(Information supplied Opens)
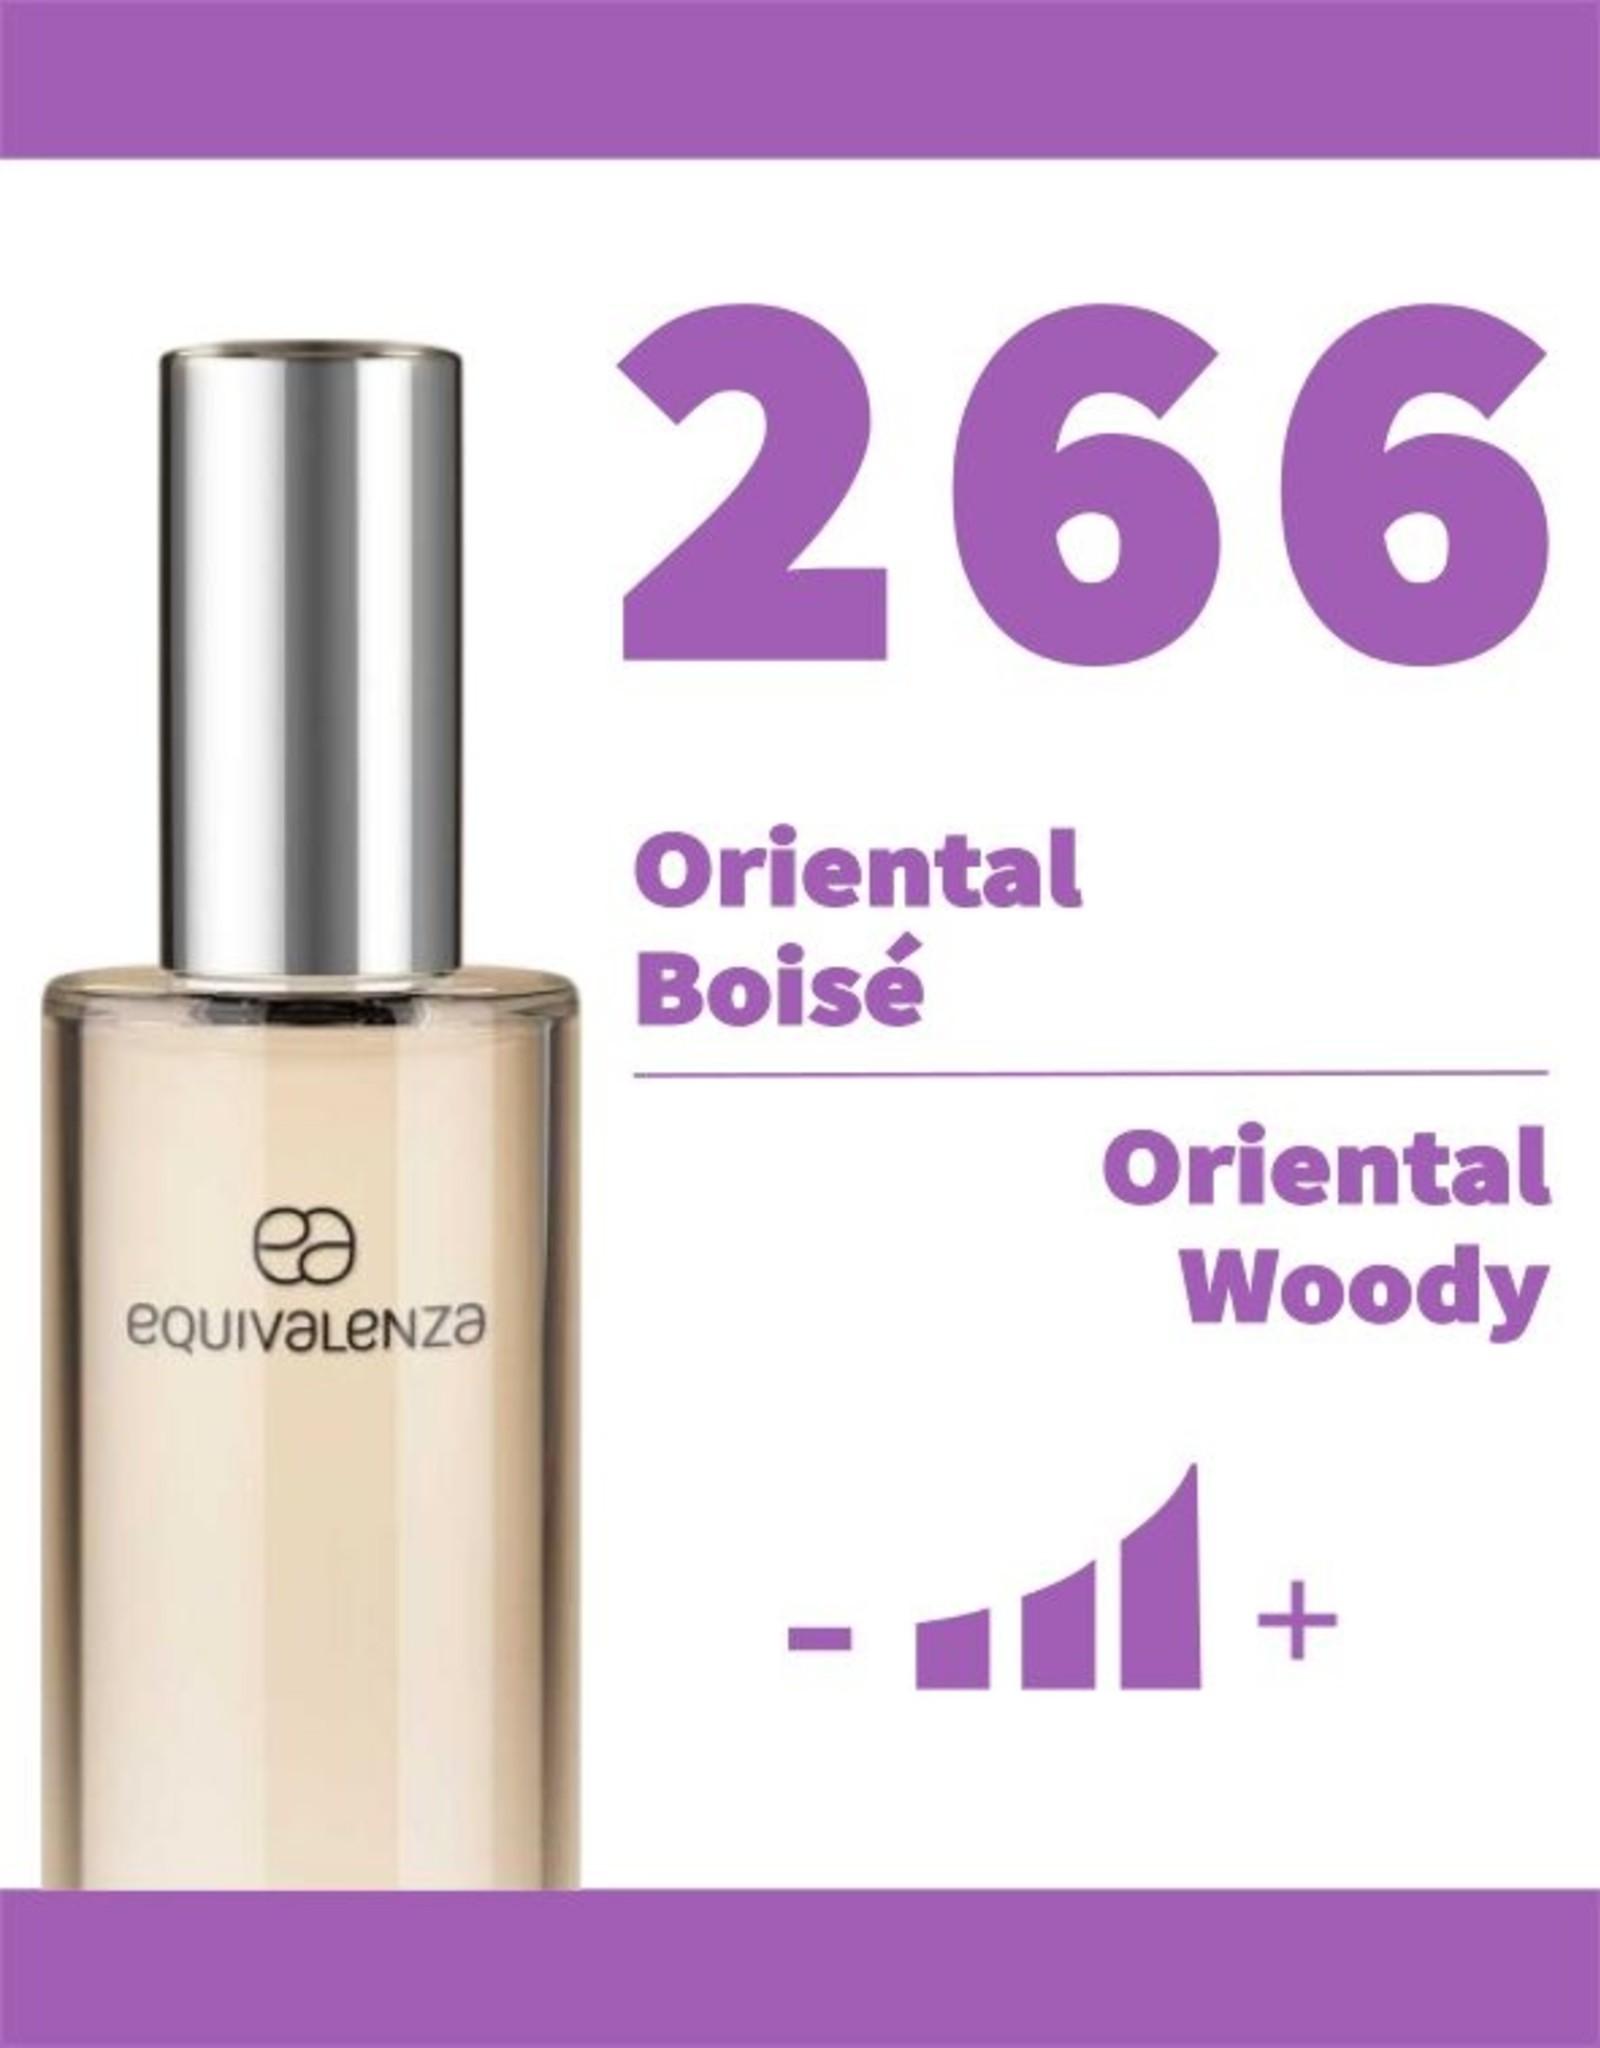 Equivalenza Oriental Boisé 266
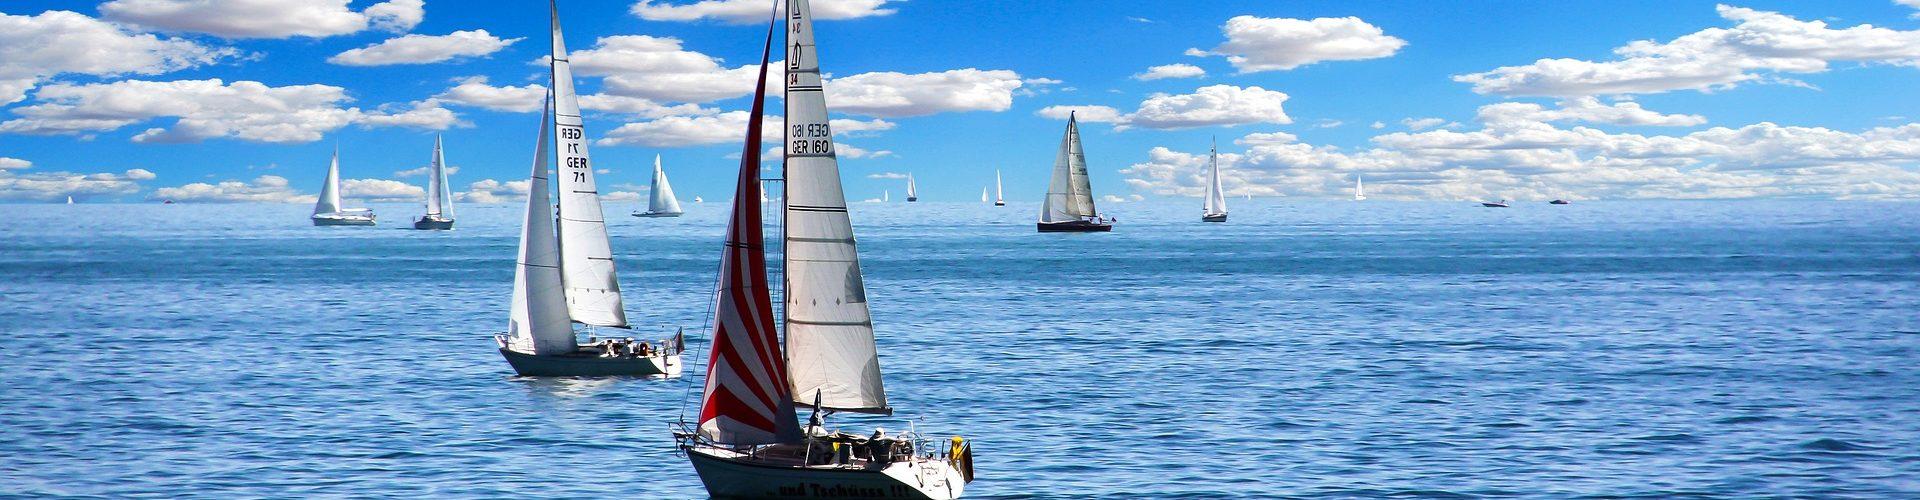 segeln lernen in Xanten segelschein machen in Xanten 1920x500 - Segeln lernen in Xanten
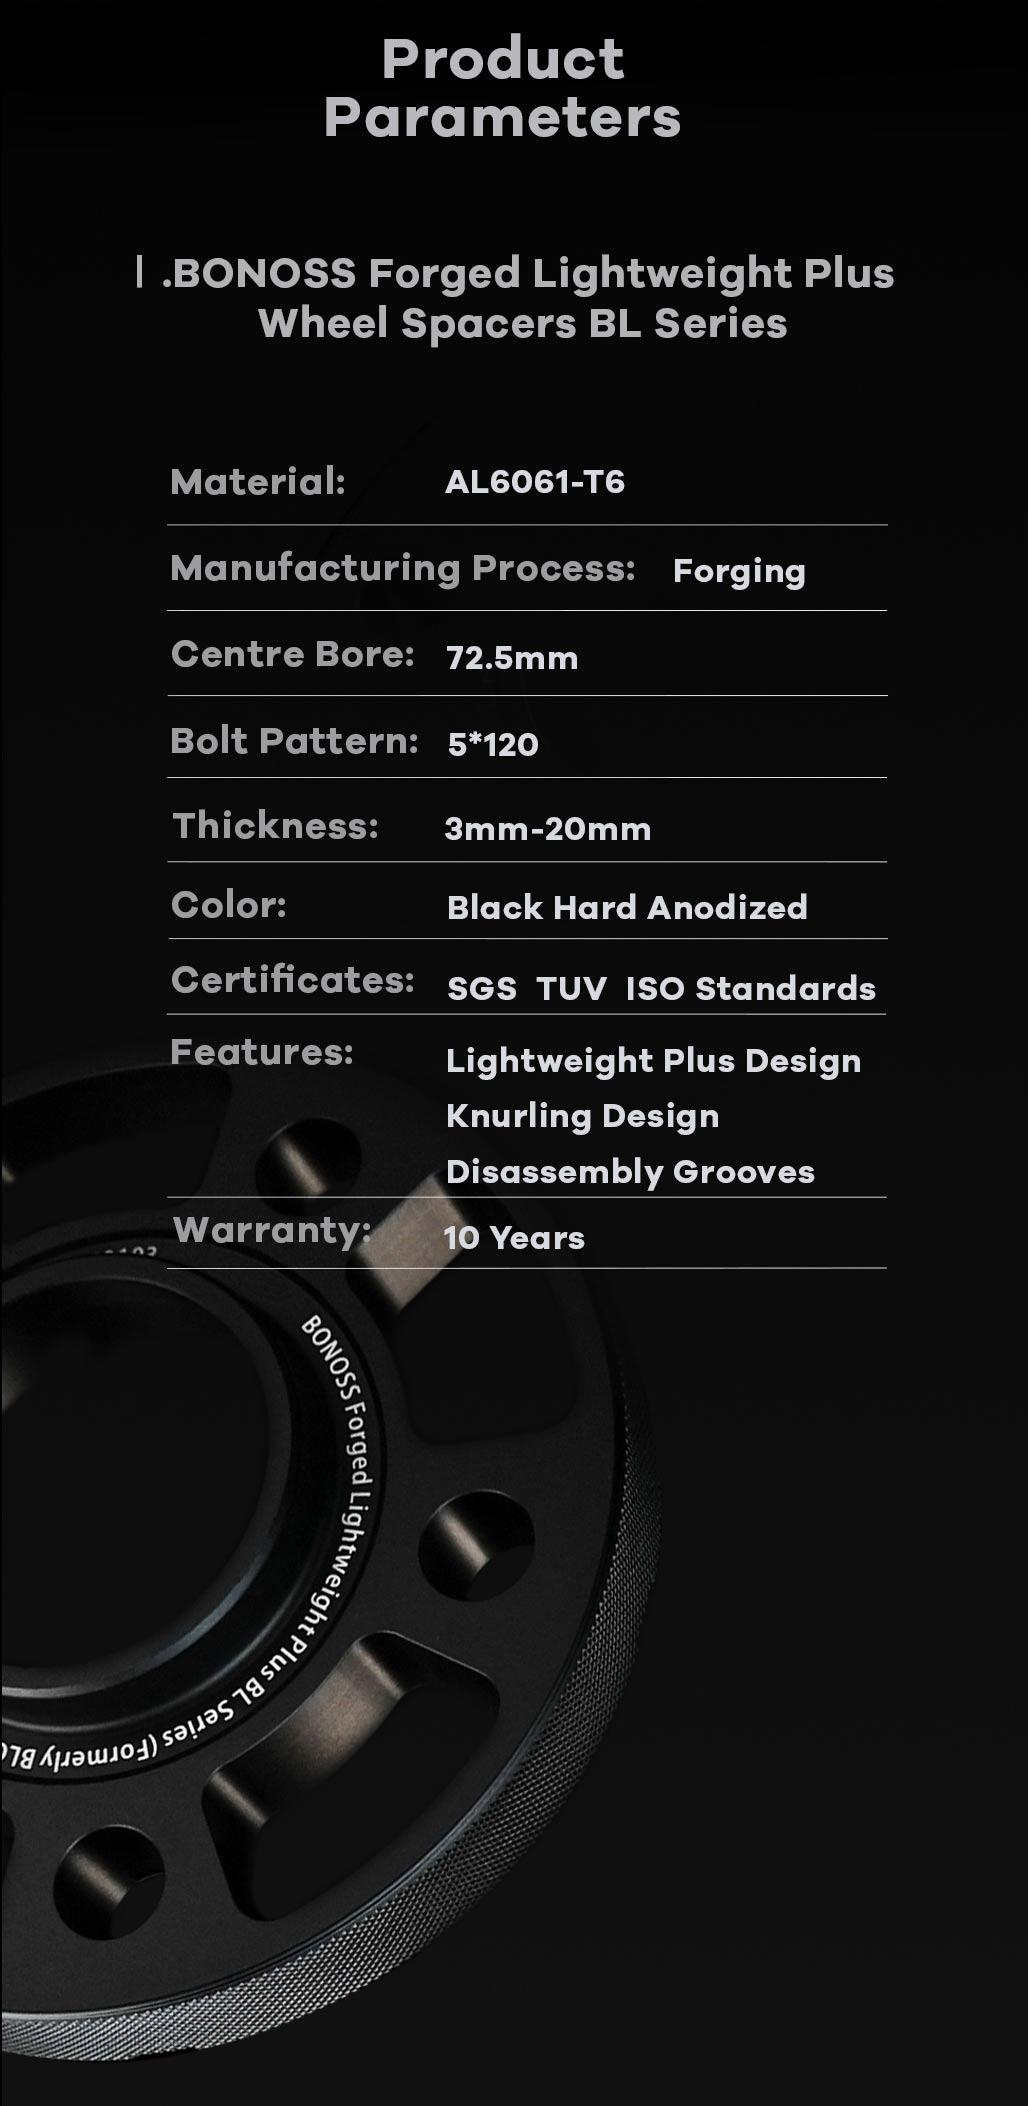 AL6061-T6-BONOSS-forged-lightweight-plus-wheel-spacers-5x120-72.5-14x1.25-by lulu-9
(Information supplied Closes)
What to produce:
What is needed is an exact copy of all the data, with no images in it.

Result:
 Equivalenza Oriental Boisé 266
 segeln lernen in Xanten segelschein machen in Xanten 1920x500 - Segeln lernen in Xanten
 AL6061-T6-BONOSS-forged-lightweight-plus-wheel-spacers-5x120-72.5-14x1.25-by lulu-9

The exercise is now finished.